I agree on these Classic woofers though George, they are quite nice. The 25W/8565-00 is very resolving in my demo room setup. 


Cheers


----------



## Jscoyne2 (Oct 29, 2014)

captainobvious said:


> MR16p or MW16p? The MR is the midrange design with less xmax and a little higher sensitivity. MW16p would be a better choice for 2-way in a door.


The MR. Its a 3 way with the Sls midbass and alpine tweets

Sent from my SGH-M919 using Tapatalk


----------



## GreatLaBroski (Jan 20, 2018)

captainobvious said:


> Jscoyne2 said:
> 
> 
> > I have the satori mr16p-4 in my door pods. They sound fantastic. I could get you an open door FR if you'd like.
> ...




My MW16P-8’s sound amazing into the midrange and offer clarity down in the midbass range that blew me away. I’m going to either run them in the doors well sealed, or the 7.5” versions (MW19P-8) sealed in small .25 cuft 3D printed polycarbonate enclosures in my doors.

The 8-ohm versions model really well down low in the enclosure size of a car door. My MW16P-8’s have higher QTS than advertised st 0.429 and QMS of 5.5xx.

Ive been interested in the Satori 9.5” one’s too, but no space for them in my car. I’d love someone to give them a shot and report back.


----------



## SSSnake (Mar 8, 2007)

> Ive been interested in the Satori 9.5” one’s too, but no space for them in my car. I’d love someone to give them a shot and report back.

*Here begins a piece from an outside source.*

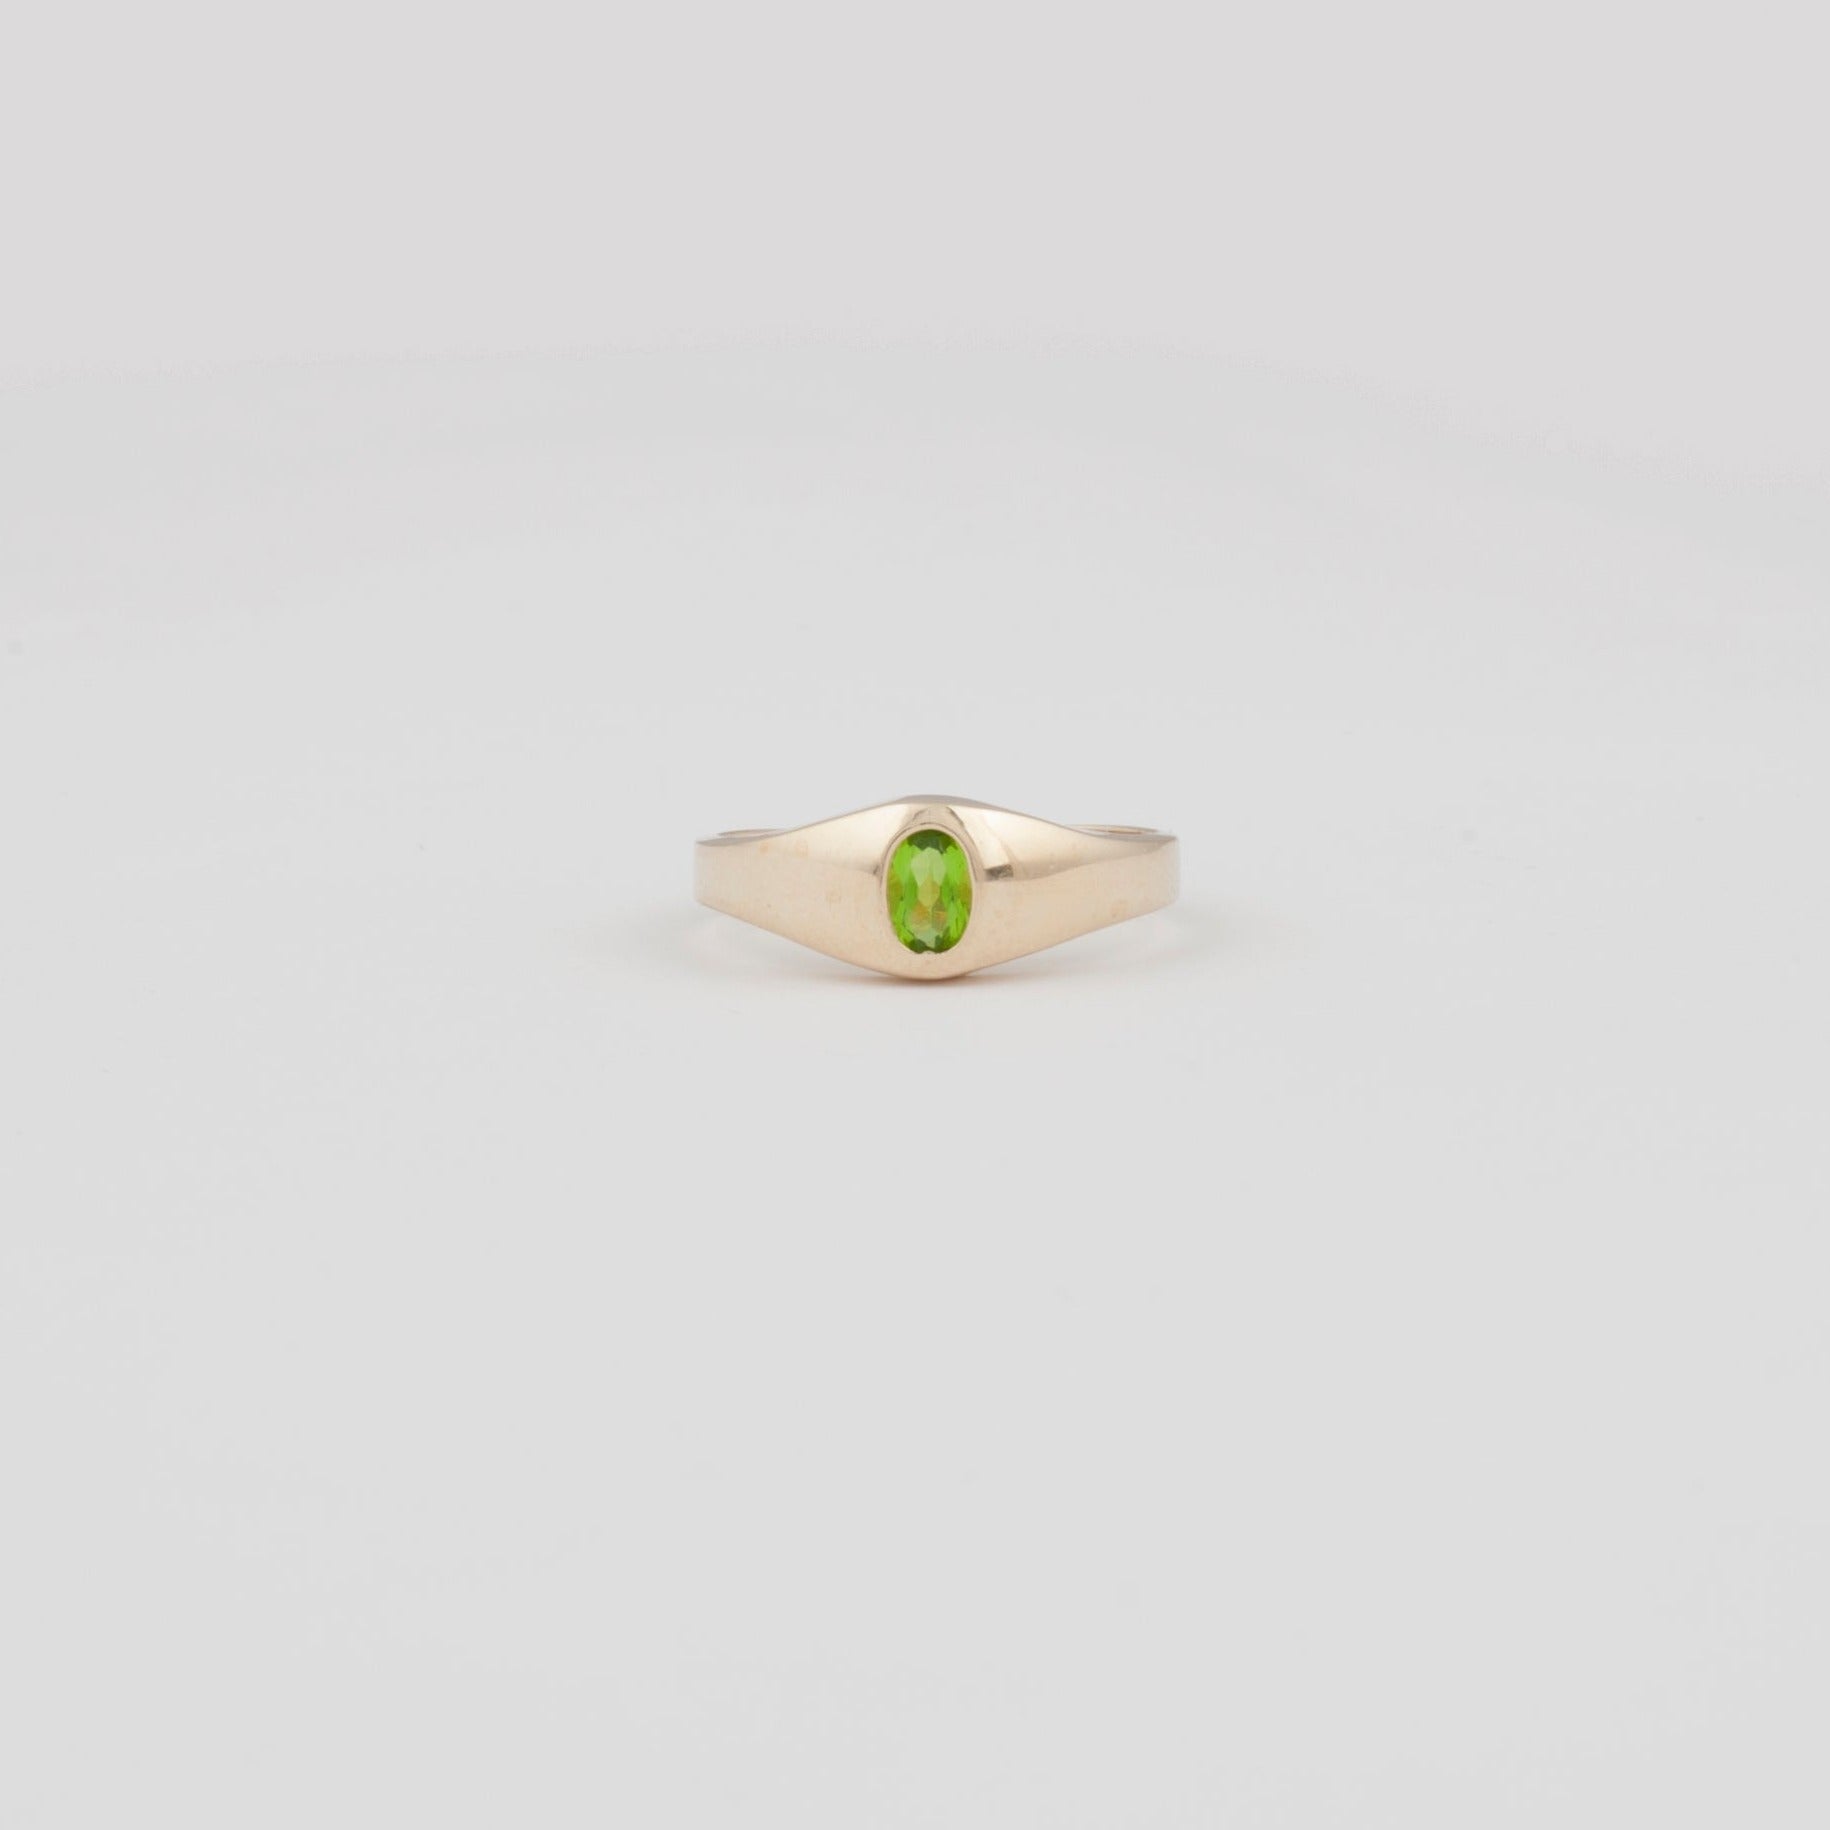 Small gold Ring with Birthstone Inset

I have been looking at this one as well but the mounting depth is higher than the Scan discovery. Beautiful driver with great specs though.


----------



## cvjoint (Mar 10, 2006)

captainobvious said:


> Looks like the paper cone version which I have has a slightly lower FS, lower Le and stated higher sensitivity but looking at the FR graph, that's probably only because of the rise in response around 1k...so really pretty comparable sensitivity. The paper cone version with the shorter coil sacrifices in xmax (1mm less, but same xmech) and power handling. Your aluminum cone version also has smoother response from 500hz-1Khz.
> I'd be interested in hearing those side by side with mine. I don't know that it would necessarily be worth the change though for a couple reasons...
> 
> 1. No gain in sensitivity
> ...


The paper has a much smaller coil, shorter and only half the layers. The upsides are that:
* inductance is lower
* coil is lighter 
the downsides are:
* 100w vs 150w power handling
* lower motor strength
* 6mm gap vs 8 mm gap a less linear motor

Sensitivity wise it's tricky to interpret but ultimately not important for power output. Soft cones have more ragged response and some of that output is due to the high energy storage not entirely due to the light cone. It's not a good way to get more sensitivity. It basically breaks up all over the place. Metal cones have low energy storage but unleash it in one swoop in higher octaves. It will have lower sensitivity but sound better as long as you filter out the heavy ringing up top. Sensitivity matters if you have an undersized coil, don't have power available, or want to play at high distortion levels. The aluminum cone has a beefier coil, more motor strength, and even more of it at high xmax because it's more linear, so you can make up for the lost sensitivity. In either case, none of the drivers are going to sound that good when maxing out the coil anyway. If you have the power, I'd say aluminum is the winner. I always have 200w-400w each on the midbasses. 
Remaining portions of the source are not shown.